Google's own analysis showed that next-token prediction loss improved following a power law up to one million tokens for documents and two million tokens for code. Each additional chunk of context made the model measurably more certain about what came next. That is direct evidence of genuine utilization, not just the ability to store tokens but the ability to learn from them.

The Race and the Reality

The timeline of context window expansion reads like an arms race. Five hundred twelve tokens in twenty eighteen. Two thousand in twenty twenty. One hundred thousand in May twenty twenty-three. One million in February twenty twenty-four. Ten million in April twenty twenty-five. Each jump required not just engineering effort but architectural innovation, new positional encodings, new attention mechanisms, new ways of distributing computation across hardware.

But the numbers on the box do not match the numbers in practice. A twenty twenty-five study by Chroma tested eighteen frontier models and found that every single one degraded as input length increased, even on simple tasks. A model advertising two hundred thousand tokens typically became unreliable around one hundred thirty thousand. The degradation was not gradual. It showed sudden drops, like a student who appears to be paying attention and then abruptly zones out.

The practical question, the one that matters if you are using these tools daily, is not "how big is the context window" but "how effectively does the model use it." The answer, in twenty twenty-six, is: better than two years ago, still imperfect, and expensive. RAG remains cheaper than long context for most tasks. Putting important information at the beginning of your prompt remains more effective than burying it in the middle. And the most capable models charge a premium for the tokens they process, because those tokens consume real memory and real computation on real hardware.

The context window story is not finished. It is one of the most active areas of AI engineering. Ring attention distributes the computation across multiple graphics cards in a circular topology, promising linear scaling with hardware. State-space models like Mamba process sequences in linear time rather than quadratic, abandoning attention entirely. And the cost of long context has been falling. Anthropic's March twenty twenty-six announcement eliminated the premium for context beyond two hundred thousand tokens, making a nine hundred thousand token request the same price per token as a nine thousand token one.

But the fundamental tension remains. The context window is not memory. It is a computation. Every token costs attention. Every token costs money. And the middle still sags.
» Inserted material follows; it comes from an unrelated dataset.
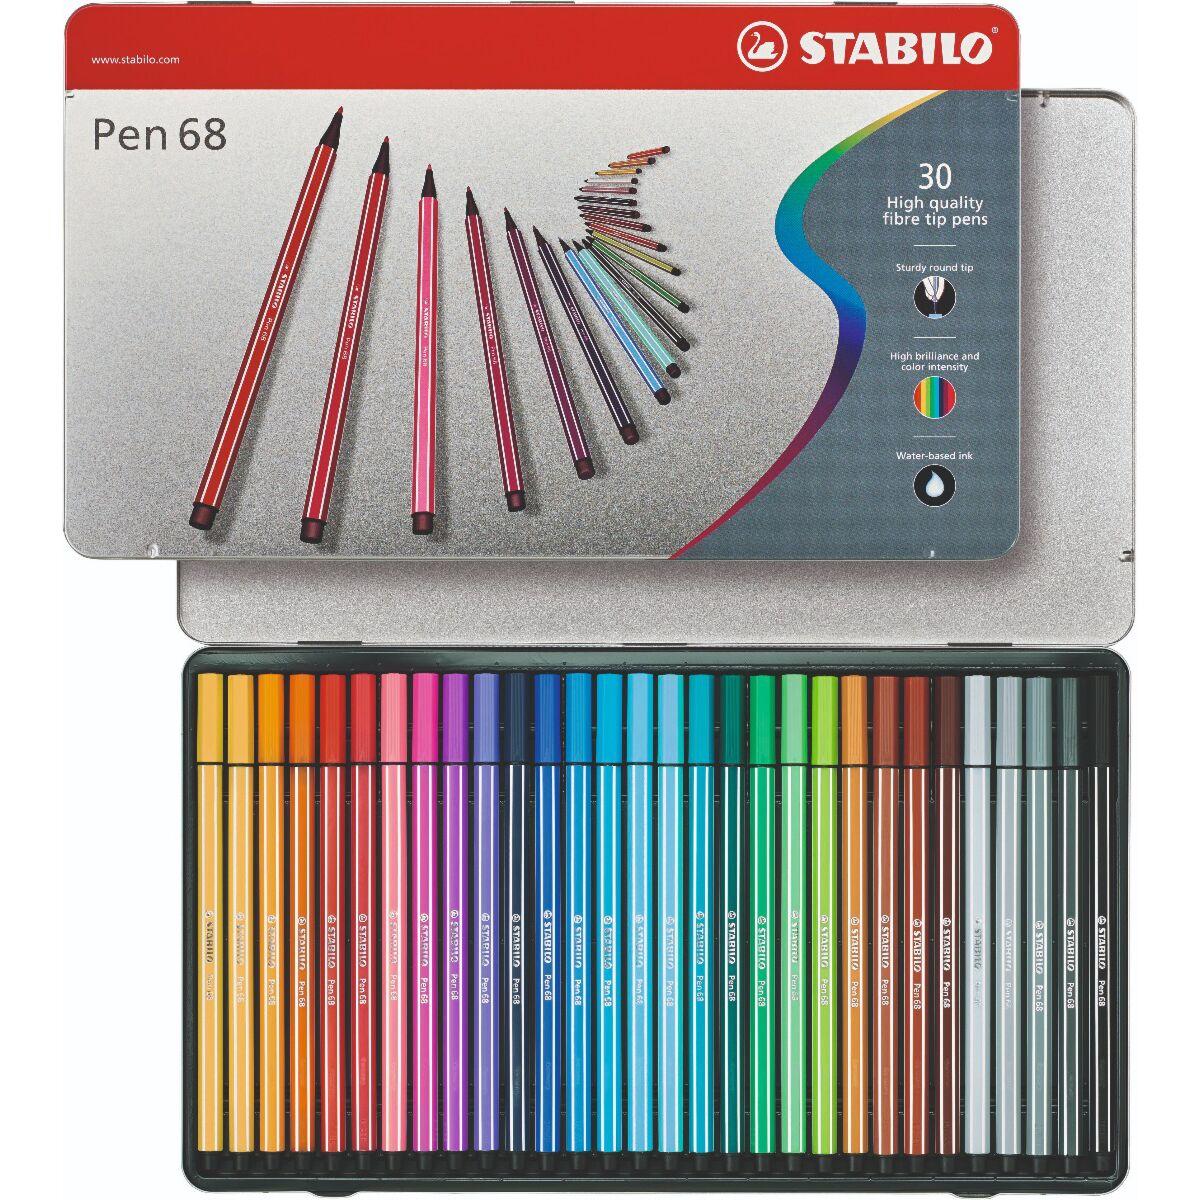 Фломастеры STABILO Pen 68, 30 цветов, в металлическом футляре, фото 1

That was the deep dive for episode ten.

The Jargon Jar

This episode's term: KV cache.

If a friend asked you, you would say: it is the scratchpad the model keeps while generating a response. Every time it produces a new word, it needs to refer back to everything that came before. Instead of recomputing all of that from scratch for every word, it stores the important bits in a cache. That cache is why the second word comes out faster than the first.

The marketing version: "optimized inference with advanced caching technology."

What it actually means in practice: the KV cache is the single largest memory bottleneck in running a language model. For a seventy-billion-parameter model at one hundred twenty-eight thousand tokens, the cache alone can consume forty gigabytes of graphics card memory. That is more than most consumer hardware has in total. This is the reason long conversations cost more than short ones, the reason context windows have practical limits even when the architecture theoretically supports more, and the reason why the question "how much memory does this model need" has a different answer depending on how long your prompt is. The cache is where context becomes physical, where tokens stop being abstract and start being gigabytes.